Eaux Claires, Saturday, after sunset. The ticket stand was close to abandoned; the workers were joking around as I paid cash for a second ticket. The murmur of the crowd echoed in the valley. Walking down into the field, parts of the path were so dark I couldn’t see my hands.
“Here?” I asked my friend. Close enough to see, far enough away to watch.
“Sure.”
She took off her sweater and spread it across the grass. People around us sat, then stood, then sat again. Some were laughing. A few were smoking. The heat had finally broken. Muggy, expectant starlight now.
The crowd shrieked itself into ecstasy as a figure took the stage. It was festival narrator and beautifully talented local author Michael Perry, lit up from behind like a rock star. “Good to see you here. Everybody’s gathered round for…” and his voice sharpened: “vespers.”

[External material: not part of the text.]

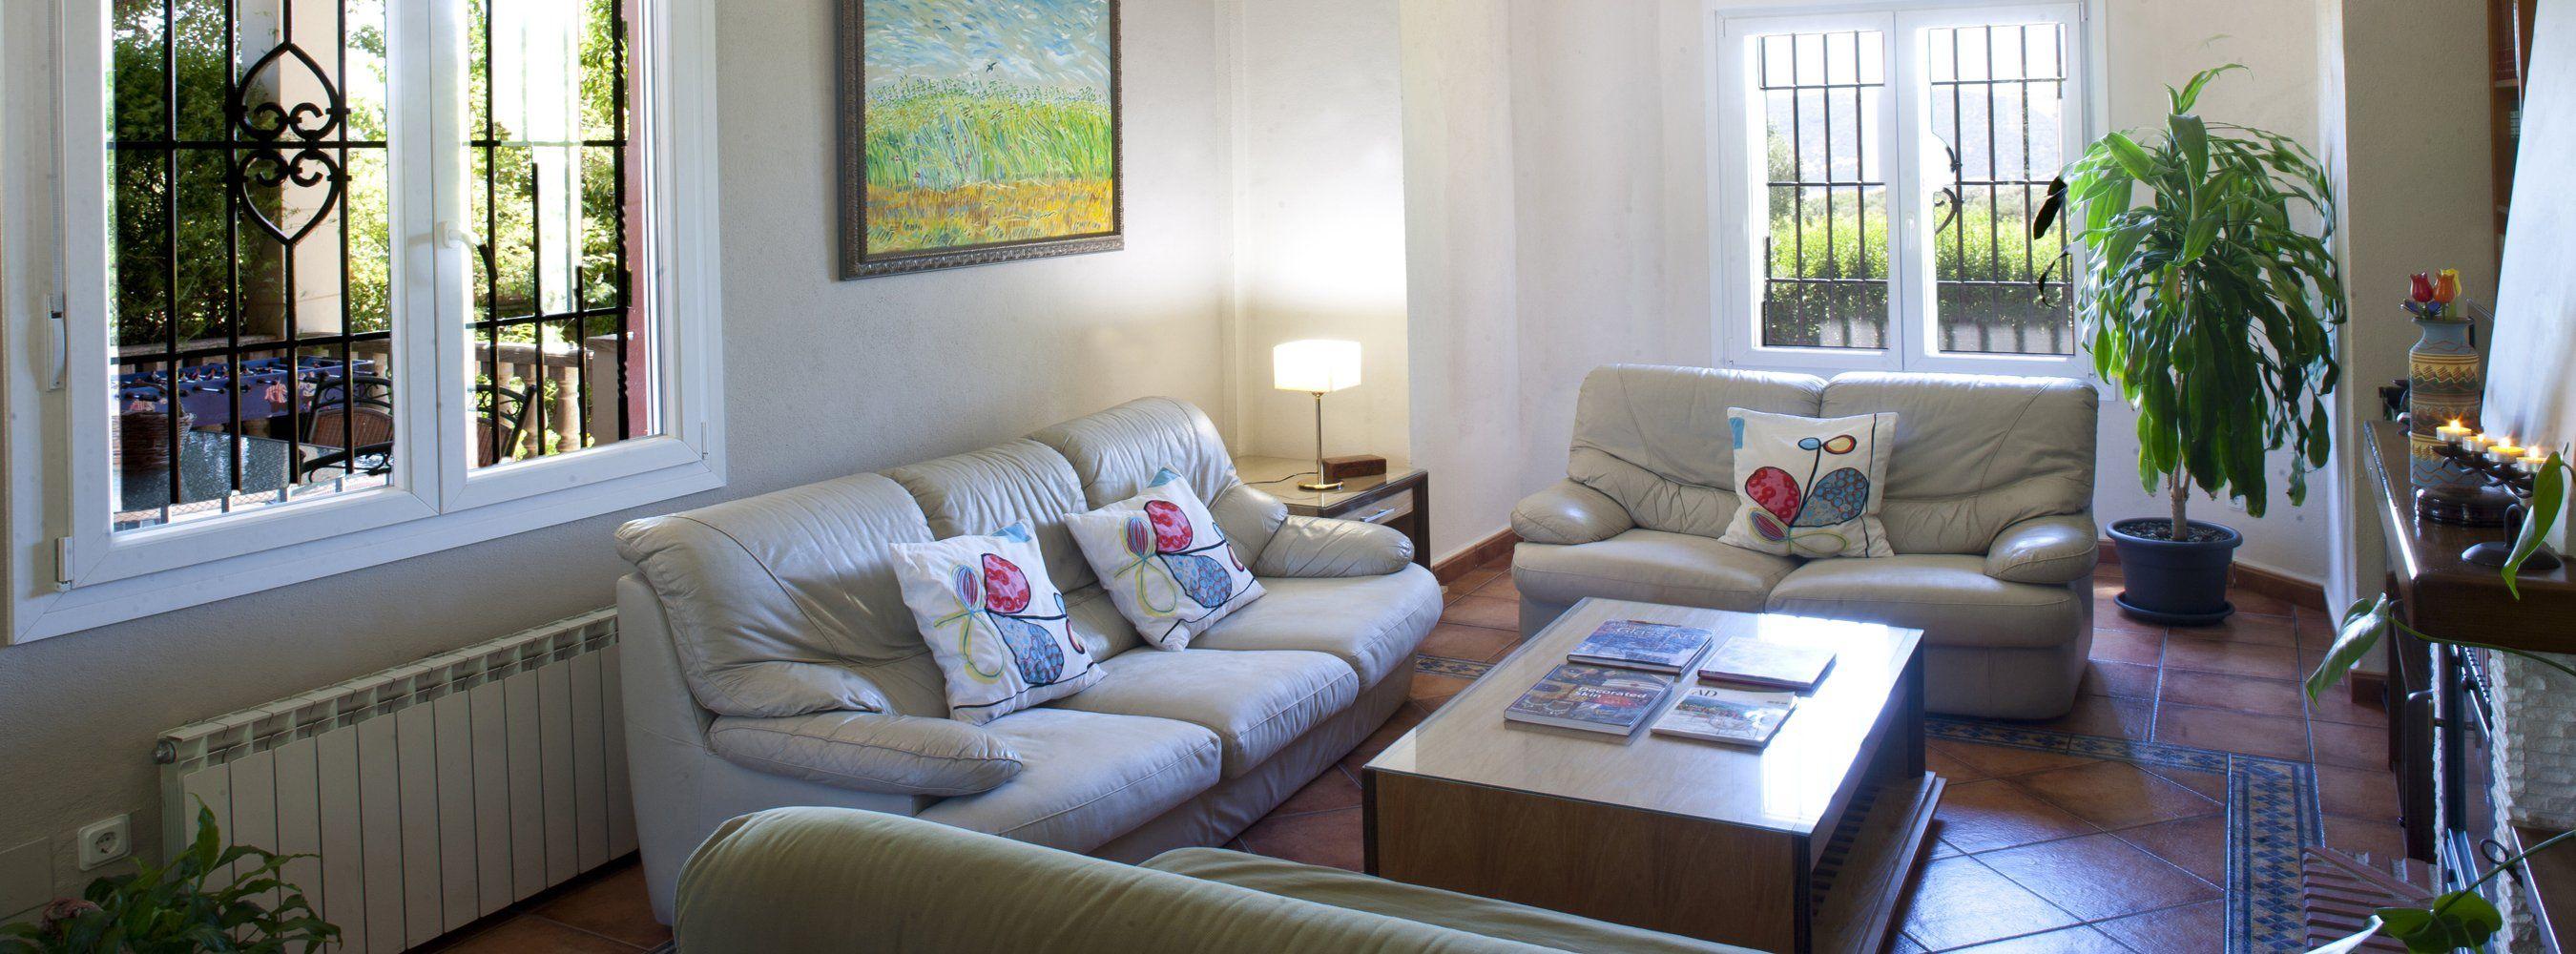 sitting room villas andalucia

Perry offered a brief meditation on the nature of neighbors, of the valley, of music. “And so here we are, cradled by a river in a sanctuary of sound, craving consecration, exultation, on bended knee, seeking benediction.” About halfway through, electronic noises began spattering away behind his baseball cap. New Bon Iver backup singers The Staves listened, their arms around each other. Everything felt tuned to a higher pitch. In more ways than one, the stage was set.
The last Bon Iver show was in 2012. Since then, Justin Vernon has given conflicting answers about whether his band’s hiatus will ever end. Lots of people have trouble reconciling his seemingly contradictory statements, but I…don’t. Here’s how I see it: Justin Vernon is a massive brilliant dork who has found fame to be just as constricting as it is liberating. He is currently exploring how he can best make it work for him and for his community. And that exploration is an ongoing process. Seen through that lens, to me, it all just makes sense. I honestly don’t think he has a big grand plan. He’s just following his intuition, and his intuition is right.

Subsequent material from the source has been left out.